T(N) = 2T(N/2) + O(N)

which has solution O(N lg N).

Three-dimensional all-points maxima
We can generalize the previous algorithm to yield results for higher dimensions.The steps include

  1. divide set into A and B,
  2. recursively find the maxima of each of those sets
  3. discard every maxima of A which is dominated by a maxima of
    B (since every maxima of B is a maxima of the whole set).

The third step is accomplished by projecting the respective maxima sets onto the plane and then solving the planar problem. We could modify the two-dimensional algorithm to solve this task, but it will be slightly more efficient to use the scanning algorithm.
Suppose we cut into A and B by the z-coordinate; we must discard all As dominated by any Bs in the x-y plane. If we have presorted by x, then we just scan right to left down the sorted list, discarding As with y-values less than the maximum B y-value observed to date.
Time Complexity
The running time for marriage step is linear which includes presorting. Therefore the running time for three-dimensional is same as two-dimensional which is O(N lg N).

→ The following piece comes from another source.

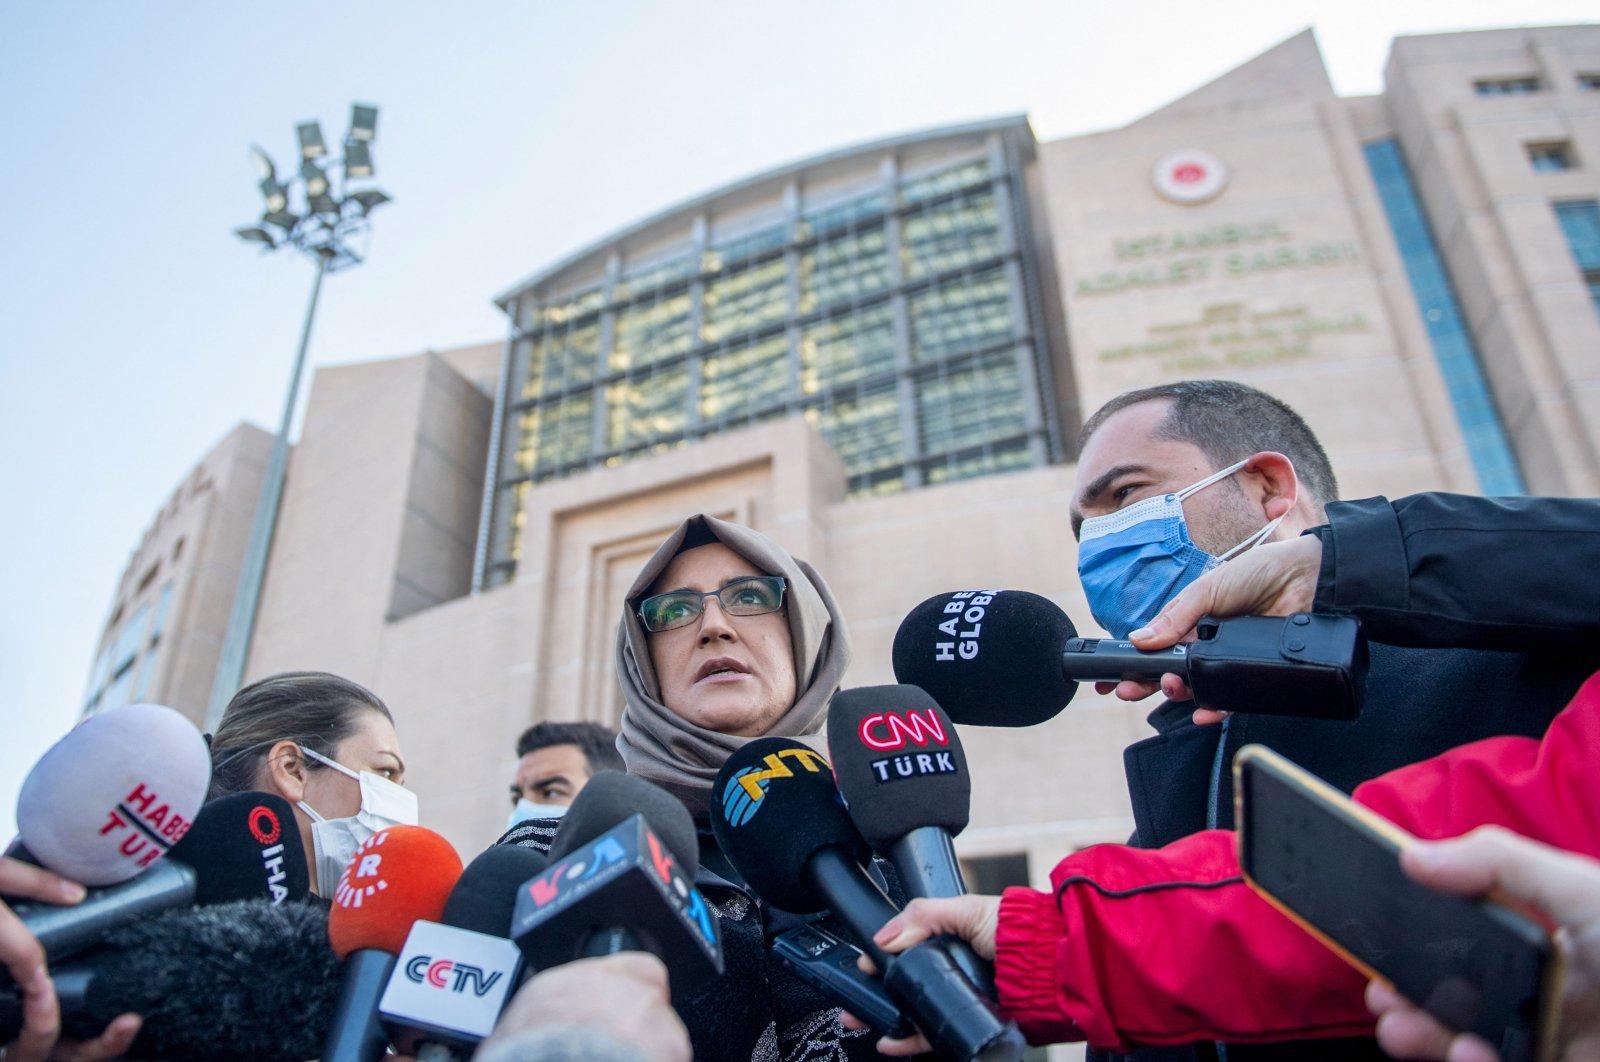 Hatice Cengiz (C) fiancee of slain Saudi dissident journalist Jamal Khashoggi, talks to the press in front of the Istanbul courthouse, Turkey, March 4, 2021. (AFP Photo)

k-dimensional all-points maxima
For k-space, we do this by solving two problems of N/2 points in k-space and then solving one problem of (up to) N points in (k-1)-space. This reduced problem calls for finding all As in the space dominated by any Bs, and we can solve this by modifying the maxima algorithm (similar to our modifications of the ECDF algorithm).

Time Complexity
The resulting algorithm has a recurrence

T(N, k) = 2T(N/2, k) + T(N, k-l) + O(N)
we know that T(N, 3) = O(N lg N). Applying that in the above recurrence, we get
T(N, k) = O(N lg^(k-2) N) for k>=3.

The worst case assumes that all N points of the original set will be the maxima of their subsets, but, that's not the case as for many sets, the maxima of A and B will be relatively fewer. The results from "On the average number of maxima in a set of vectors and applications" by J. L. Bentley and H. T. Kung, it was shown that only a very small number of points usually remain maxima for many probability distributions. If only "a very small number of points remain", let's call that number 'm', then

T(N, k-1) --> T(m, k-1)

For a small enough m (i.e m = O(N^p) for some p<1) has running time O(N). If this is true, then the recurrence relation for the maxima algorithm is

T(N, k) = 2T(N/2, k) + O(N)
T(N) = O(N lg N)

This running time is the average time for a wide class of distributions.

1.2.2) Maxima Searching

Two-dimensional all-points maxima

We must process N points in the plane into a data structure so we can quickly determine if a point is maxima. The structure we will use is a binary tree in which the left child of a given node represents all points with lesser x-values (A), the right child represents B, and an x-value represents the line L. To answer a query regarding a new point q, we compare q's x-value to the node's. If the x-value is greater we search the the B subtree and return answer. However, if the point lies in A, we search the left subtree; if it is dominated, we return the dominating point. If it is not dominated by any point in A, then we must check to see if it is dominated by any point in B. This can be accomplished by storing in each node the maximum y-value of any point in B. This structure can be built in O(N lg N) time and requires linear space.

Time Complexity
The recurrence relation describing the worst case is

T(N) = T(N/2) + O(1)

The worst case for searching is O(lg N)

k-dimensional all-points maxima
This search structure can be generalized to k-space. A structure representing N points in k-space contains two substructures representing N/2 points in k-space and one substructure representing N/2 points in k-1 space. To test if a new point is a maximum we first determine if it lies in A or B. If it is in B, then we visit only the right child. If it lies in A, we first see if it is dominated by any point in A ,and if not then we check to see if it is dominated by any point in B (by searching the (k-1)-dimensional structure).

Time Complexity
The recurrences describing the worst-case performance of this structure are

P(N, k) = 2P(N/2, k) + P(N, k-l) + O(N),
S(N, k) = 2S(N/2, k) + S(N/2, k-l) + O(1),
Q(N, k) = Q(N/2, k) + Q(N/2, k-l) + O(1),
which have solutions
P(N, k) = O(N lg^(k-2) N),
S(N, k) = O(N lg^(k-2) N),
Q(N, k) = O(lg^(k-1) N).

Just like the case of the all-points problem, these times are highly pessimistic, and for many point distributions they can be shown to be much less on the average.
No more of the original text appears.